Just get on with your life and accept that people are immoral and lying about it, and they know that, and they intend to continue to always be that way, together even, on purpose. You should continue to be morally correct, but focus on your independence and work, and then get on with your life. I know if you read this post, it will be viewed as opposition to you, and your mind will start rejecting it and me, and immediately start trying to convince itself how you are, then you will trail off obsessing about this topic even more, as I have already advised you not to do. Find peace, when the hadraht isa reveals himself and unites the churches and the people by abolishing decietful, immoral kings impostering themselves as democracies or republics, you can say told ya so, and be happy. But I do not look down on you, or oppose you, I want you to be happy, please go find a profession or hobby and lay off the weed for a bit . You need to sober up lol.

peace


----------



## BendBrewer (Jul 15, 2011)

He'll come when people stop wearing Crosses around their necks.

You really think Jesus ever wants to see another Cross?


----------



## txhazard (Jul 15, 2011)

Study some prophecy, you will figure it out.


----------



## jonblaze420 (Jul 20, 2011)

I'm no psychiatrist but from reading a lot of your posts you are a functioning schizophrenic, possibly schizo-affective disorder. 

Delusions, often religious delusions pertaining to being a Messiah of some sort are very, very common in these mental illnesses. You're not the only one who thinks you are the return of Jesus Christ.


----------



## VILEPLUME (Jul 20, 2011)

Christians are like any people group out there, you have the ones that like to help others and do good, but then you have the assholes out there that ruin it for the whole group.
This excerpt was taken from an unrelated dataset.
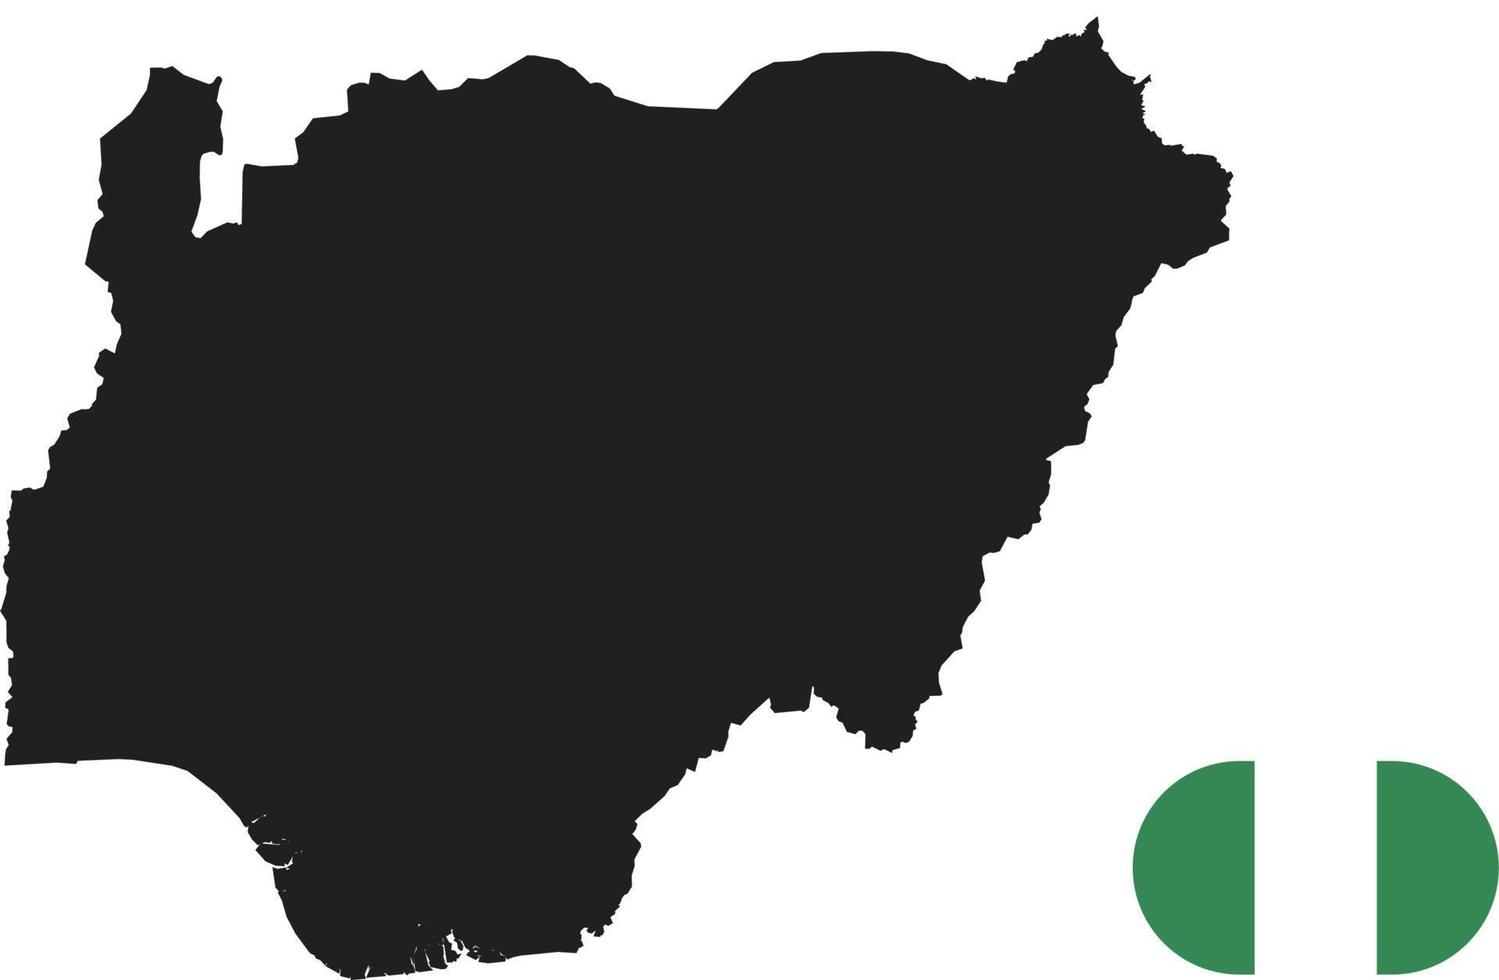 mapa e bandeira da Nigéria vetor
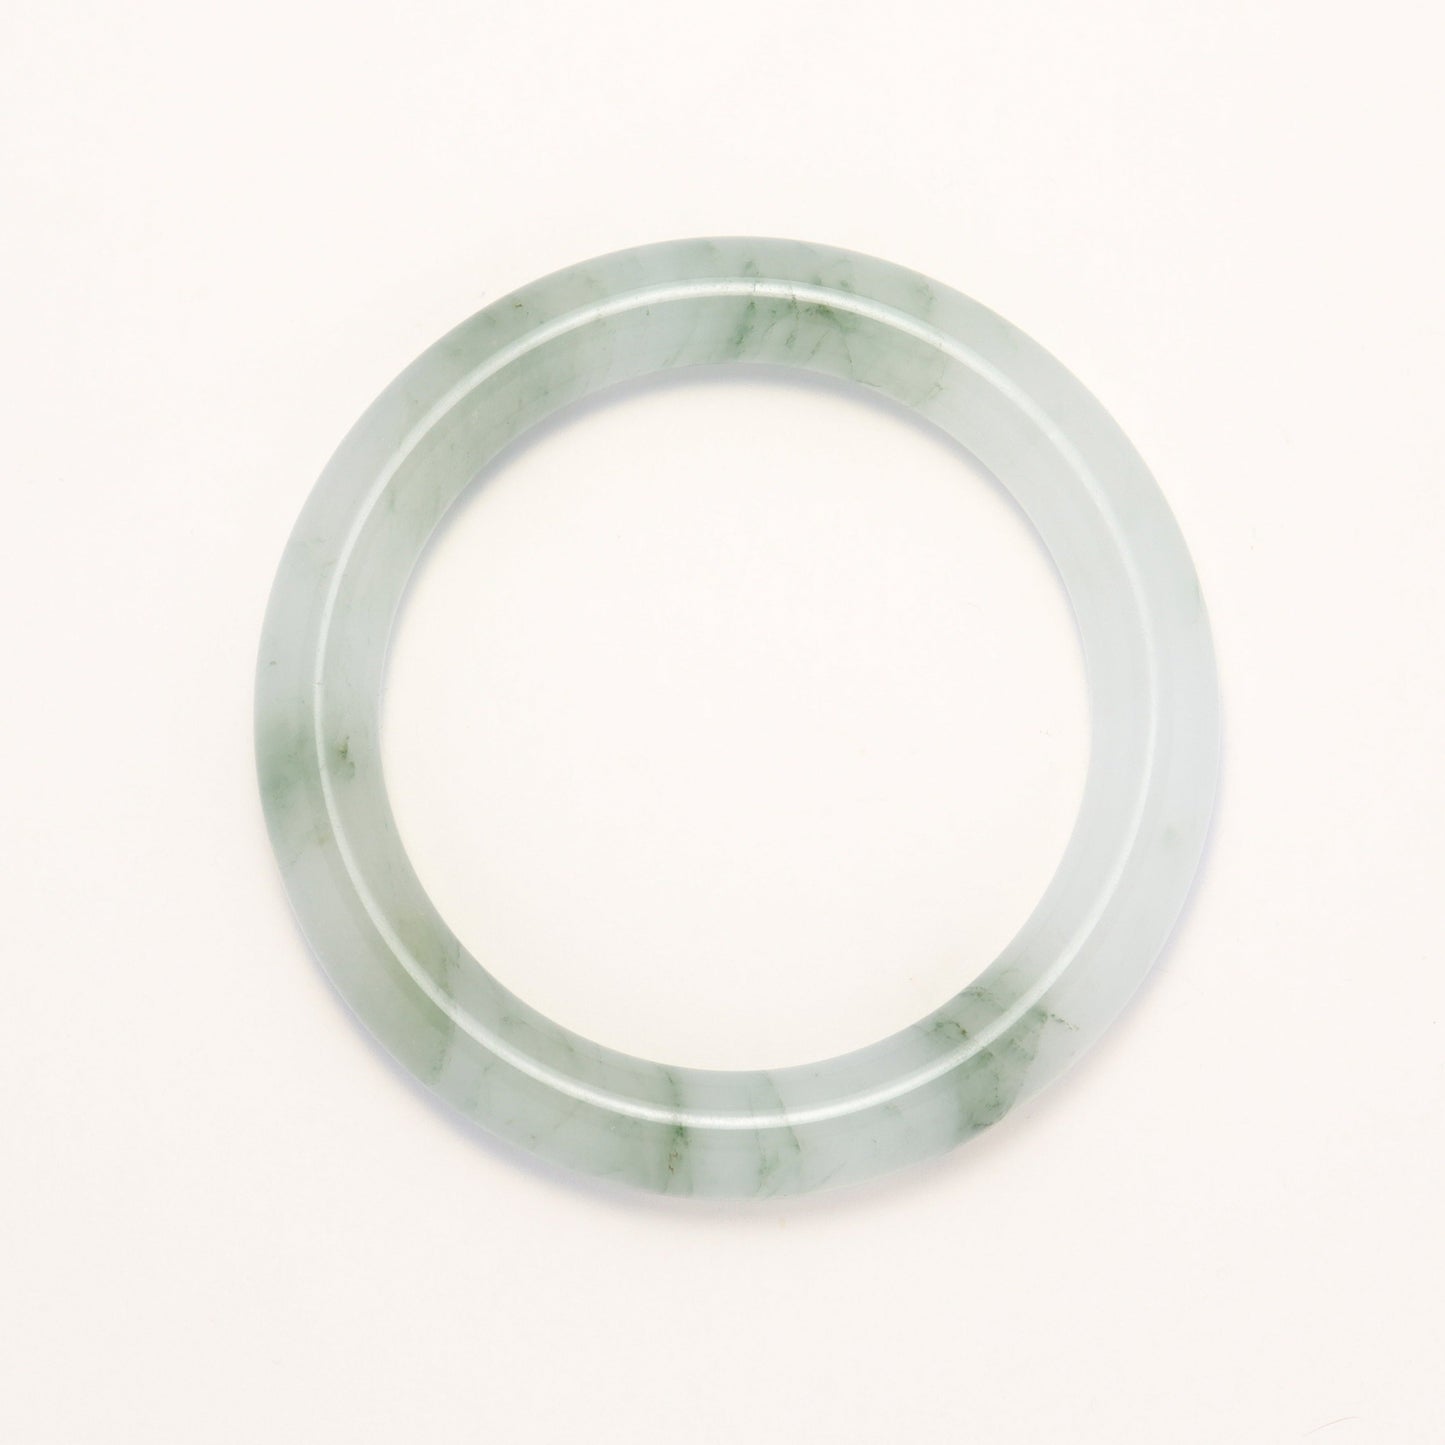 Tianshan Emerald Green - XinJiang Tianshan Quartzite Jade Bangle Bracelet (Pre-Sale) (52 54 56 58 60 62 in Stock)

Kind of reminds me of the people at RIU


----------



## bicycleday (Jul 20, 2011)

​


----------



## Dislexicmidget2021 (Jul 21, 2011)

Jesus will come as a lead singer of an angel band for Lenyrd Skynyrd and im in the front row hammered drunk!


----------



## ThE sAtIvA hIgH (Jul 22, 2011)

you have a long wait people have been waiting ever since the sillly book was wrote ......get this ....he aint coming


----------



## ThE sAtIvA hIgH (Jul 22, 2011)

if you guys where born in afghan you would be doing something totaly different right now , you guys are as brainwashed as the guys who think they are getting virgins in the next life lol


----------



## Johnnyorganic (Jul 22, 2011)

When will Jesus come?



Right after he pulls out, if he's smart.


----------



## ThE sAtIvA hIgH (Jul 22, 2011)

hes not going to come , do u idiots think you are the first people who are expecting this idiot to appear ......NO seriously get on with your life , its the only one your gonna get after that its worms and decay


----------



## Dislexicmidget2021 (Jul 23, 2011)

ThE sAtIvA hIgH said:


> if you guys where born in afghan you would be doing something totaly different right now , you guys are as brainwashed as the guys who think they are getting virgins in the next life lol


Except we dont run planes into buildings and strap bombs to our chests


----------



## dannyboy602 (Jul 23, 2011)

I'm prescribing 20mg lithium for you young man. you are not the risen lord. But u know that already don't you?
Seeing how this thread is a couple yrs old I'm sure you are institutionalized by now and I hope you get the help you need.
But just in case you ARE the son of man I have a favor to ask. When I get to heaven, can I be a mod?


----------



## VILEPLUME (Jul 23, 2011)

Anyone ever think about the start of time until your brain hurts?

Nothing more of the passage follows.